Team movistar are currently nearing the south Portuguese coast. Here's their latest report

At 0830 this morning team movistar sent this report.

We are nearing the south Portuguese coast, and it looks like we have at
least saved the boat, as the wind has dropped now to an acceptable 15
knots. All yesterday we had sustained winds between 30-50 knots, with
massive waves where were pounding us side on. Not very pleasant,
especially when you don’t know if the remaining structure would stay in
one piece.

A very busy day on the phone, backwards and forwards with the shore team
and the race-management. We finally have decided the first port of call is
Portimao at the south tip of Portugal, so that the experts can have a
first look at the damage . From there several options are open. Stick the
boat on a truck, and drive it to the nearest big port for shipping it to
Cape Town. Or do the repairs locally, what will mean flying in a big
building team, and with the danger not making it in time to Cape Town.

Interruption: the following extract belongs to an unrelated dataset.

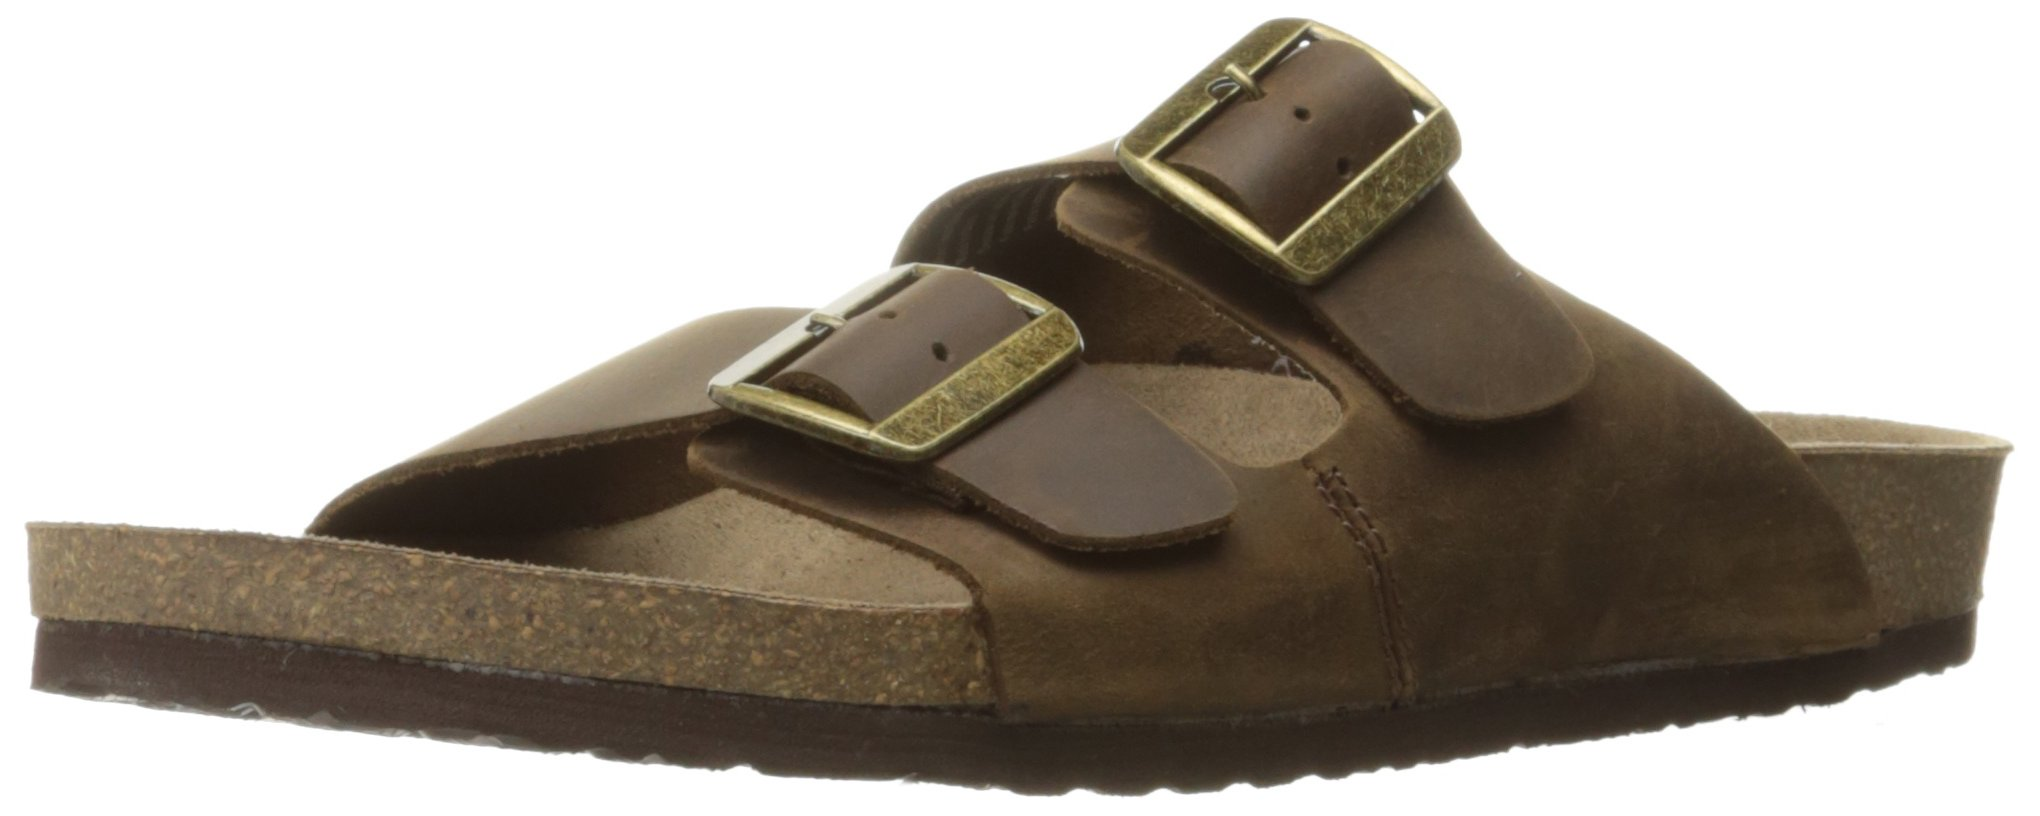 Crevo Men's Sedono Slide Sandal, Brown, 10 M US

Of course we have been following the results of the other boats. It seems
like that the Farr boats are doing just fine. Our feeling was always that
if we could hang on to the ABN boas in big breeze, we would be able to
sail past them in the medium-light conditions. As you can see already now
having a spinnaker pole is nice, you can run more efficient. Brasil 1 and
Ericsson have gained lots of miles. All our testing showed that clearly
and we have never understood why the ABN boats have gone without them.
Also the Pirates have dropped off their pole, maybe a bit desperate, to
try to find last minute a miracle performance gainer. They will have a
hard time to keep up with the others in spinnaker pole conditions.

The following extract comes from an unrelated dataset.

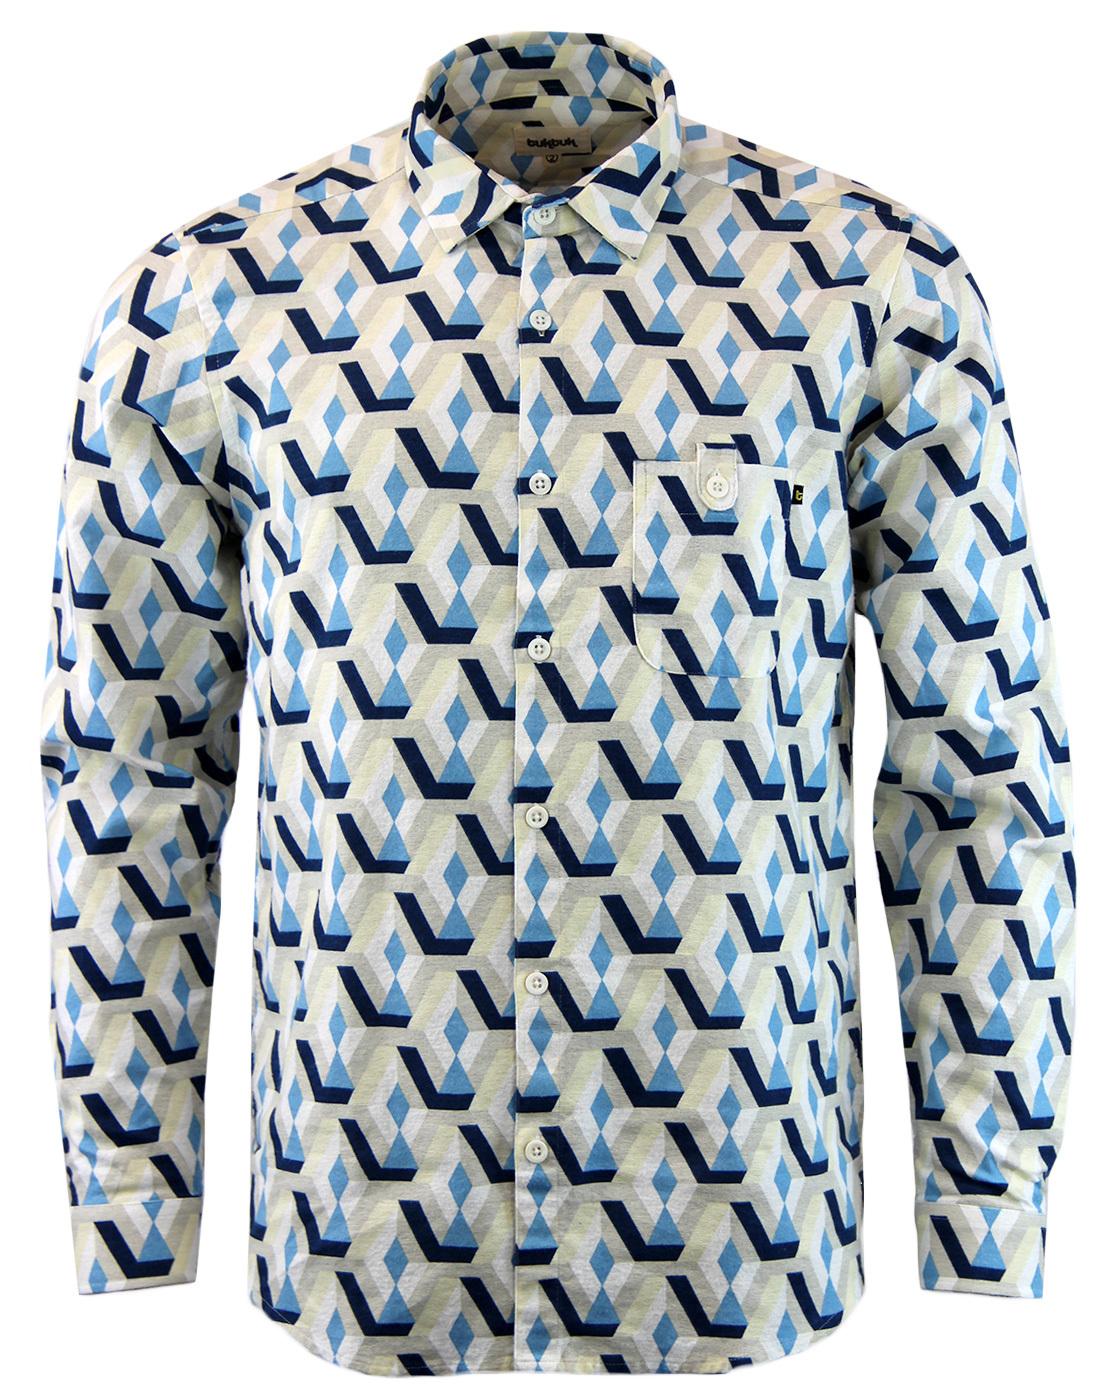 TUKTUK Retro 1970s Vivid Psychedelic Op Art Shirt

Well so much for that, we are the big losers of this leg, the others will
laugh their heads off. The boat with the most miles has gone to port. I am
not the happiest person right now, scratching my head, why this could have
happened after all these miles. Have we been pushing to hard? Yes of
course we were pushing hard, but we have done that before. We were fully
under control, sail changes in time and just sailing faster than the
others, because we knew the limits of this boat and ourselves.